I live in a 27 unit condo. A woman owns 3 units. One of her units is in default to the tune of $15k for unpaid dues & legal fees. Nothing has been done by the board. The owner's God daughter lives in the condo & is supposed to pay the dues, which she has not done in over 2 yrs.The assoc is in financial trouble due to insane spending (another problem). So to cover the loss of this money they are raising the dues so everyone will pay for this free ride.My questions are somewhat related. This woman votes for 3 units, so she always votes herself on to the board. Is this allowed? Also, as the owner of a unit that is in arrears on dues, should she be allowed to be on the board?We are in CA.Thx
Submitted: 7 months ago.
Category: Real Estate Law
Expert:  legalgems replied 7 months ago.

Hello! I will be reviewing your question and posting a response momentarily; if you have any follow up questions please respond here. Thanks!

Expert:  legalgems replied 7 months ago.

Thank you for your patience as I looked into this.

I am sorry to hear you association is having such serious issues.

First, the governing documents (bylaws, CC&Rs) are what dictates the rules of the association, so long as they don't conflict with statutory/case law. An HOA can restrict the number of units, votes, and seats a family may have-so that multiple unit owners are given only one vote, spouses cannot serve simultaneously, etc. So the governing documents would need to be reviewed to determine what the particular restrictions are.

Secondly, the HOA has a fiduciary duty, as do the board members. This means that they must treat each owner equally, and they cannot raise dues to avoid collecting back dues.

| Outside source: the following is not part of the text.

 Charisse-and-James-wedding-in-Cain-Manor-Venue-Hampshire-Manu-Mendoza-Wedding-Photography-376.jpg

A fiduciary duty means that the person in the fiduciary capacity owes a duty to the other person- and that the fiduciary must act in good faith, with the best intentions, to preserve any property that is at issue. Failure to act in this manner (essentially, a trust/guardian) is considered a "breach" and can result in:
1. removal of the fiduciary
2. sanctions (ie fines, award of attorney fees, etc)
3. damages (economic liability for the damages suffered by the party to whom the duty was owed)

So while an HOA typically has owners that will have an interest (some do allow non-owners to govern) they are expected to act impartially.

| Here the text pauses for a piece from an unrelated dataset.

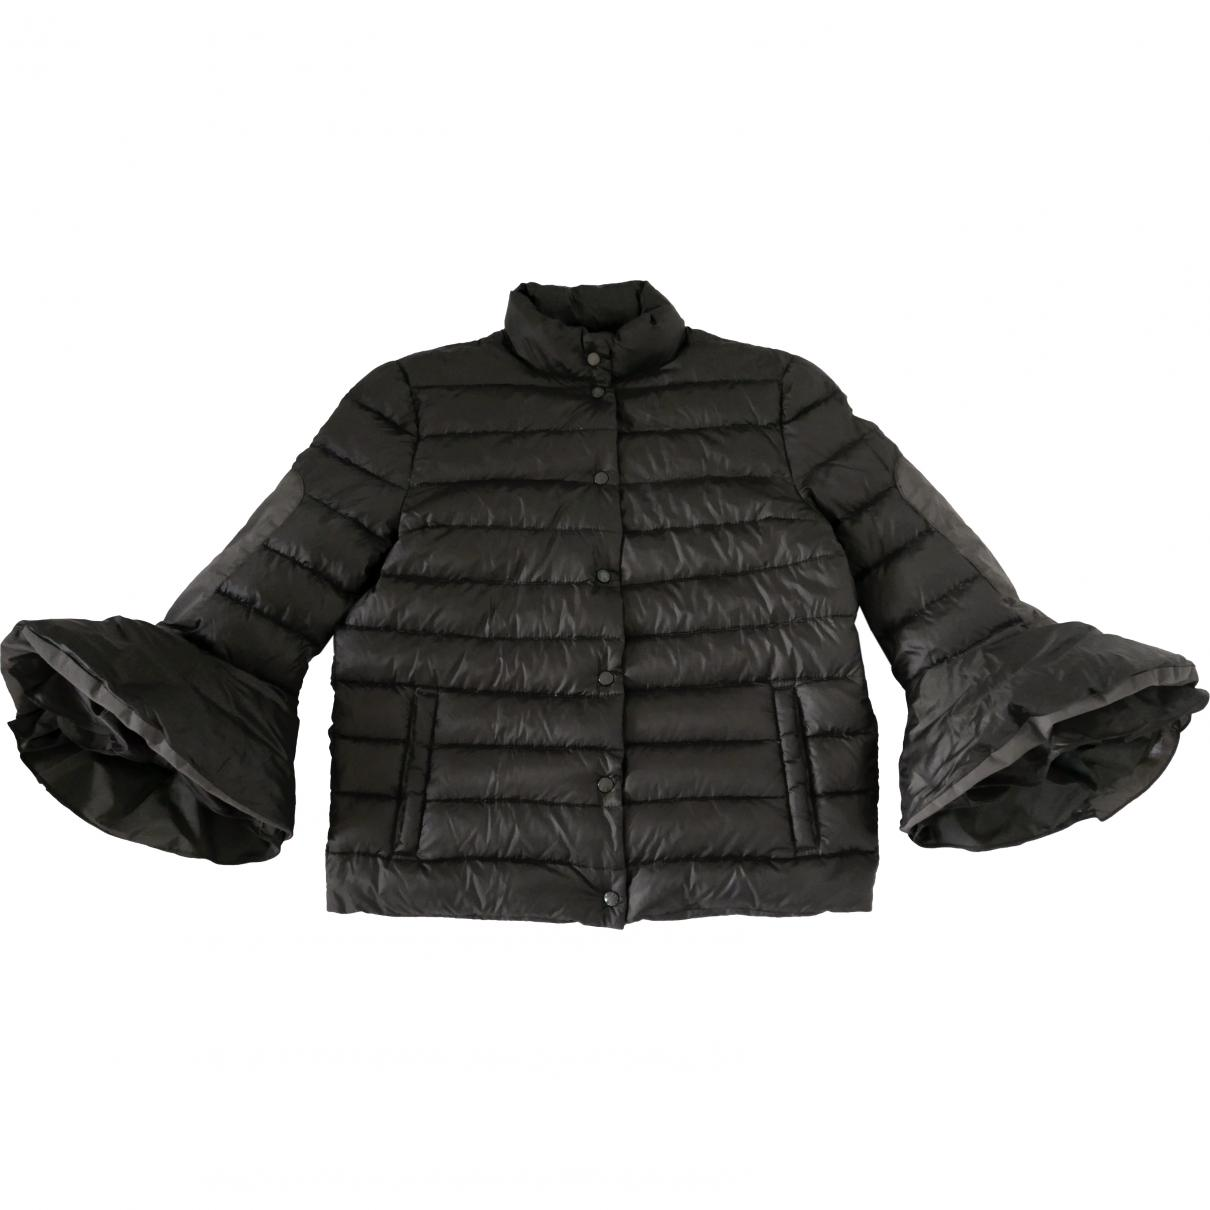 0c9abec3b Moncler Jacket in Brown - Lyst

Before suing an HOA, the owner must comply with Civil Code section 1363 et seq, which requires that the owner first utilize the HOA's internal dispute resolution process, among other restrictions. If one intends to sue, it is best to hire an attorney because the board will have an attorney. The court may award legal fees to the prevailing party.

As for arrears, unless the bylaws specify that the owner is disqualified, then they would be eligible to serve; the idea is that the governing documents constitute a contract between the owners and the HOA, so the parties are to negotiate the terms. Of course, these can be amended, so if a lawsuit results in the ouster of a board member, (or multiple members) it is quite common to then review the bylaws to see if an amendment is necessary.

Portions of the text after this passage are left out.